# Real-World Use Case: Fashion MNIST Visualization

## 1. The Problem
We have 70,000 images of clothing (784 dimensions). This is too big to plot. We want to see if our dataset is "clean". Are Sneakers separating from Boots? Are Shirts mixing with T-Shirts?

## 2. Why t-SNE?
PCA will just smudge everything together. t-SNE will try to create a map where similar items are neighbors.

## 3. Data
Fashion MNIST (via Keras or Sklearn).

In [None]:
import numpy as np
import matplotlib.pyplot as plt
from sklearn.datasets import fetch_openml
from sklearn.manifold import TSNE
from sklearn.decomposition import PCA

# 1. Load Data (Subset for speed)
# Fetching might take a moment, using a smaller sample.
fashion = fetch_openml('Fashion-MNIST', version=1, cache=True, as_frame=False)

indices = np.random.choice(70000, 1000, replace=False)
X = fashion.data[indices]
y = fashion.target[indices].astype(int)
target_names = ['T-shirt/top', 'Trouser', 'Pullover', 'Dress', 'Coat', 
                'Sandal', 'Shirt', 'Sneaker', 'Bag', 'Ankle boot']

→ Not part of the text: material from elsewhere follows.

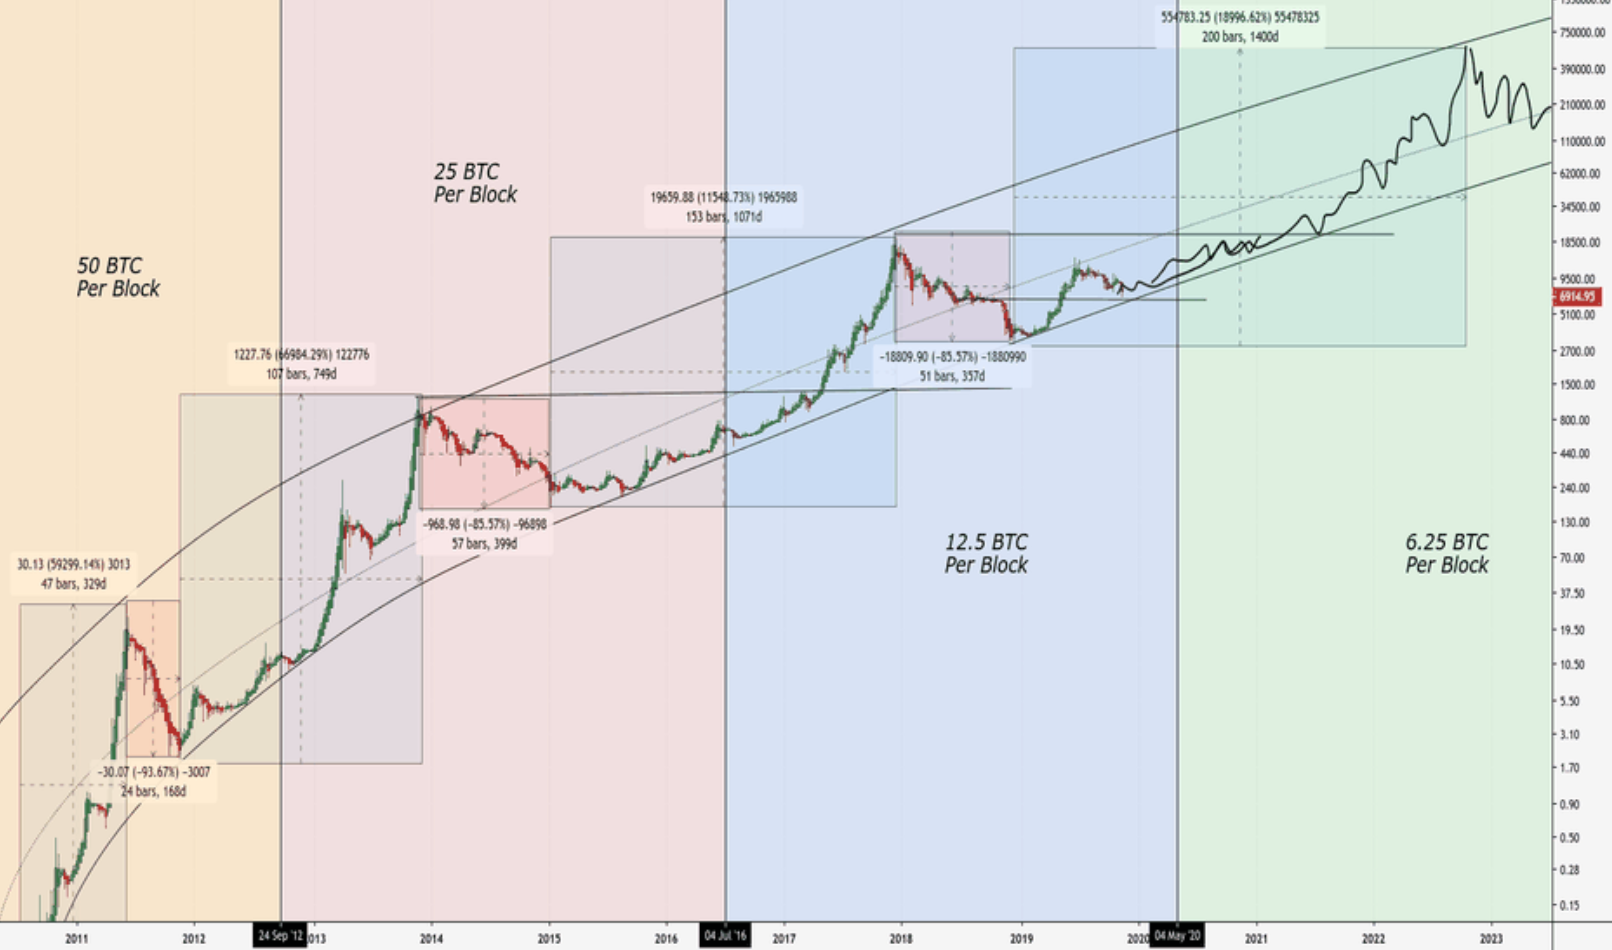 Bitcoin (BTC) Price vs. Halving Cycles
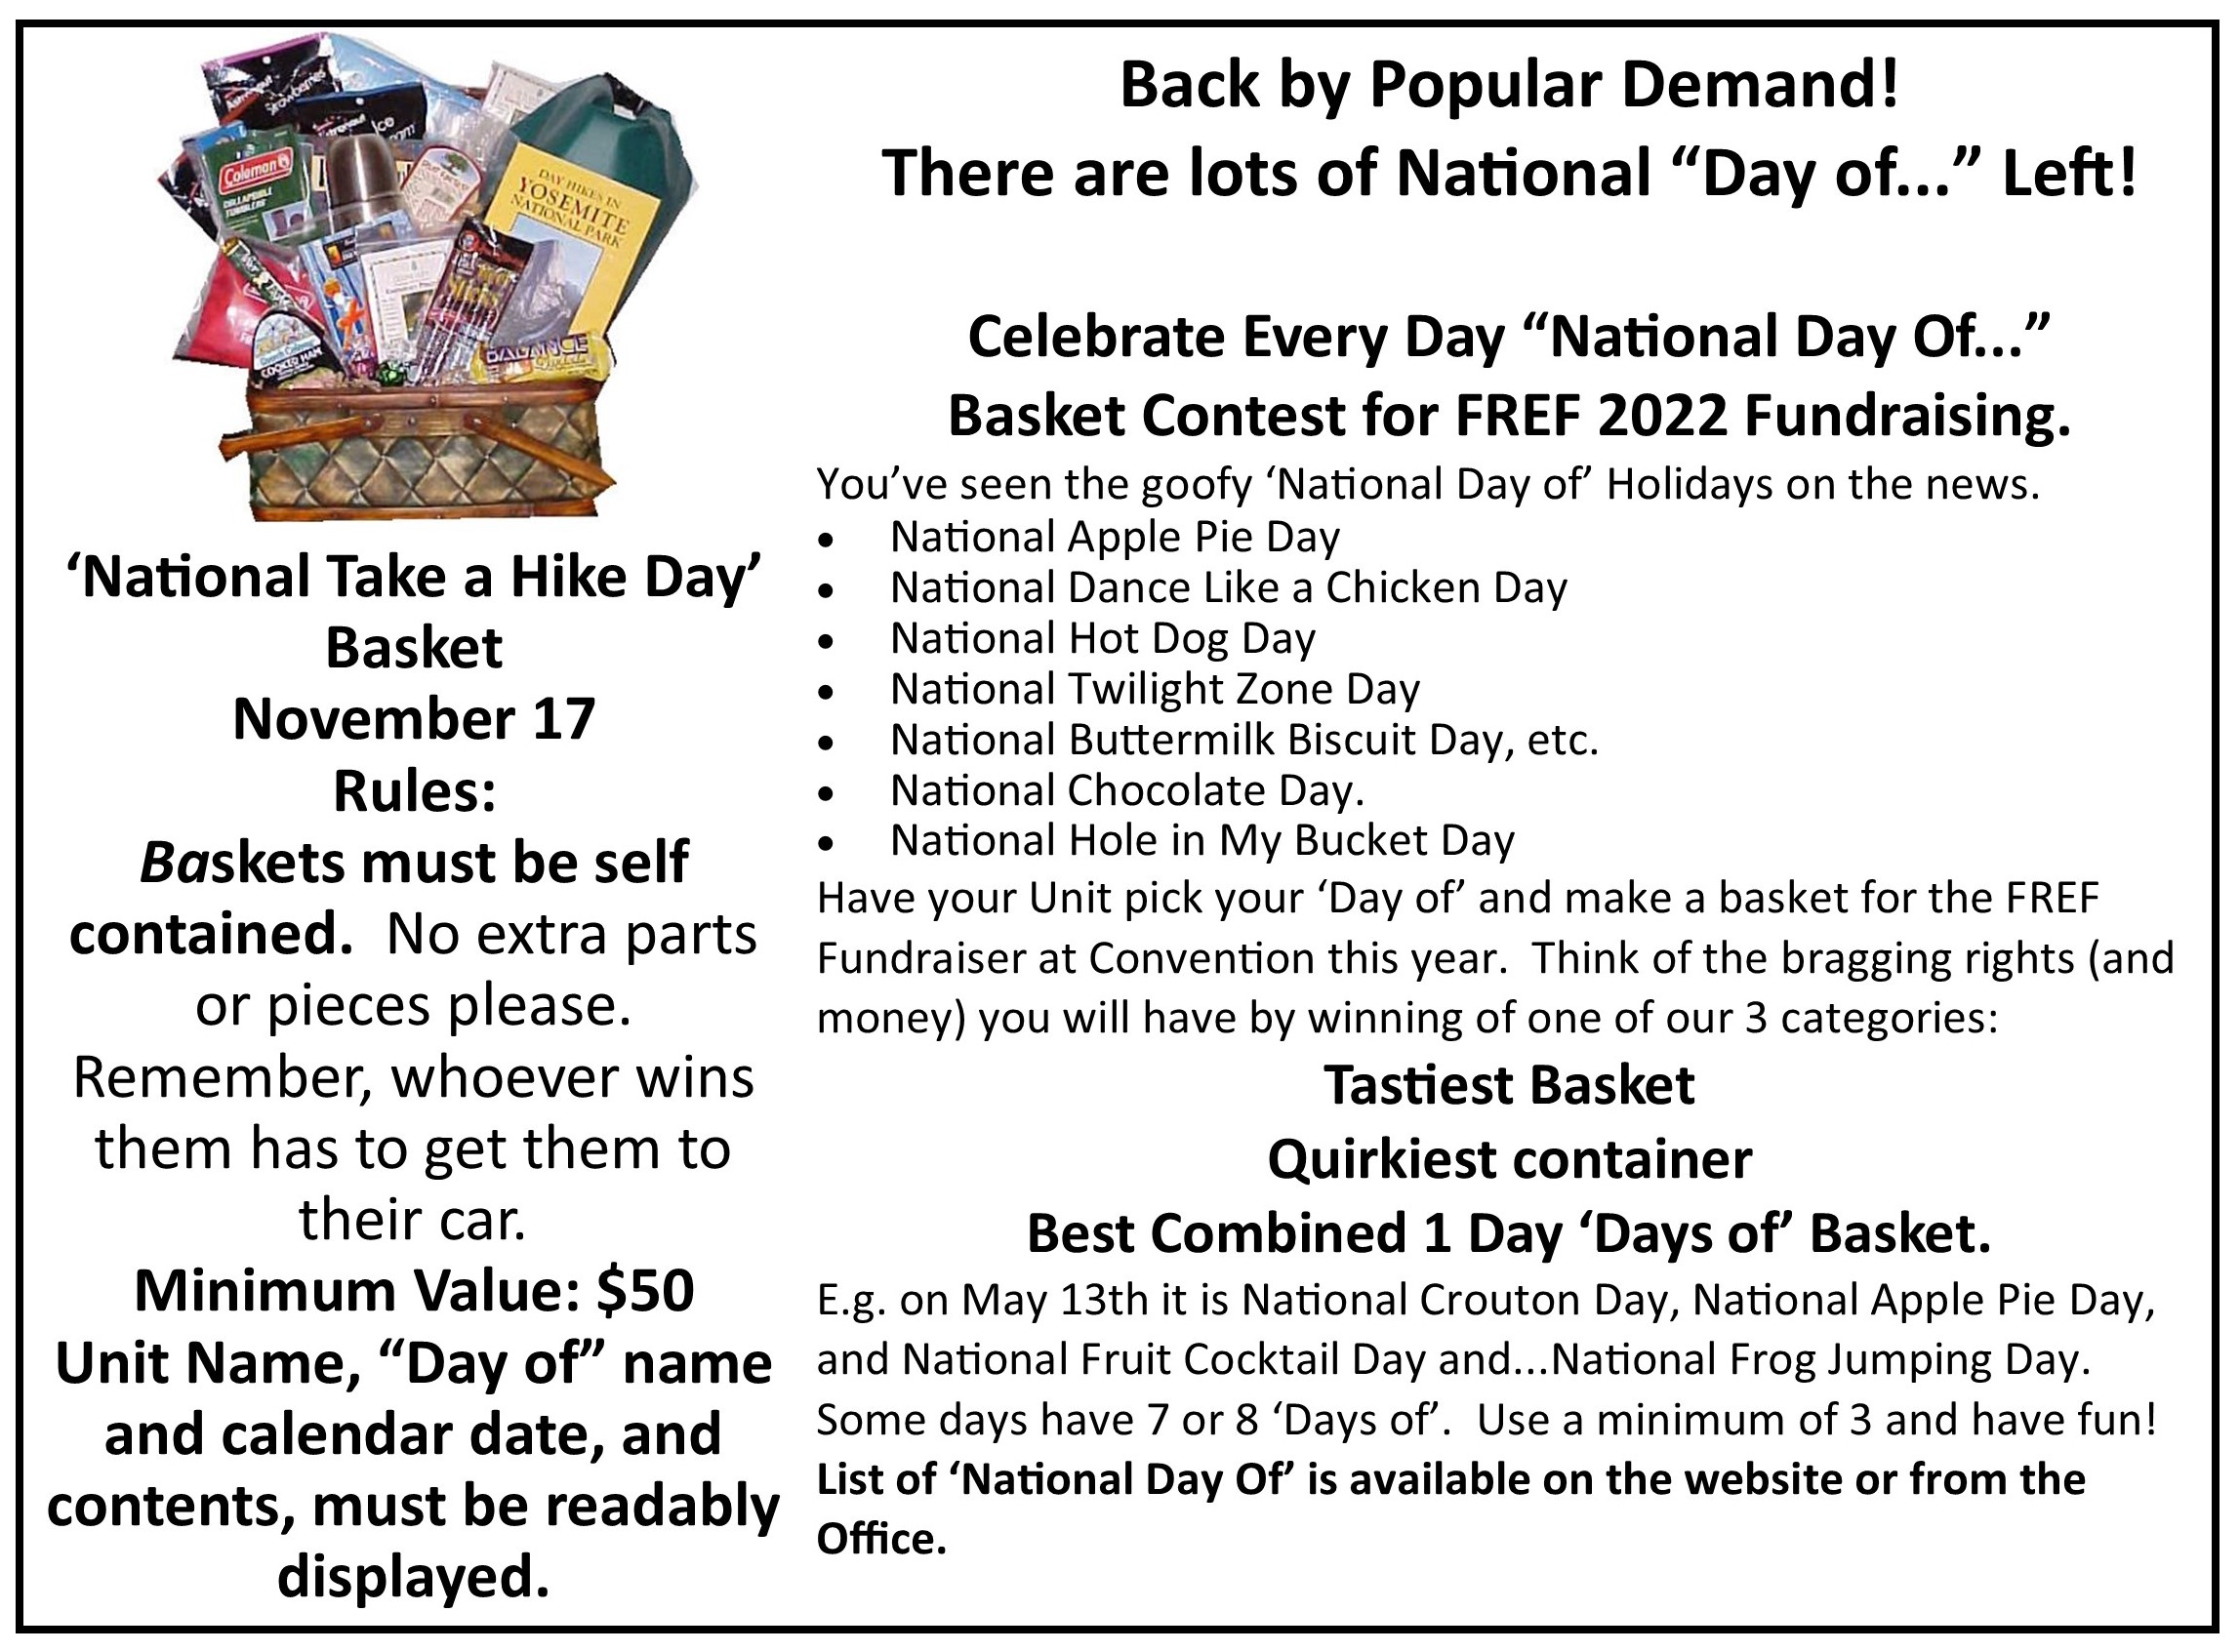 National Day of Basket Flyer

# 2. Pipeline: PCA (Reduce to 50) -> t-SNE (Reduce to 2)
# It is best practice to run PCA before t-SNE to remove noise!
pca = PCA(n_components=50)
X_pca = pca.fit_transform(X)

tsne = TSNE(n_components=2, verbose=1, perplexity=40, n_iter=300)
X_embedded = tsne.fit_transform(X_pca)

# 3. Plot
plt.figure(figsize=(12, 10))
scatter = plt.scatter(X_embedded[:, 0], X_embedded[:, 1], c=y, cmap='tab10', s=20)
plt.title('Fashion MNIST t-SNE Visualization')
plt.legend(handles=scatter.legend_elements()[0], labels=target_names)
plt.colorbar()
plt.show()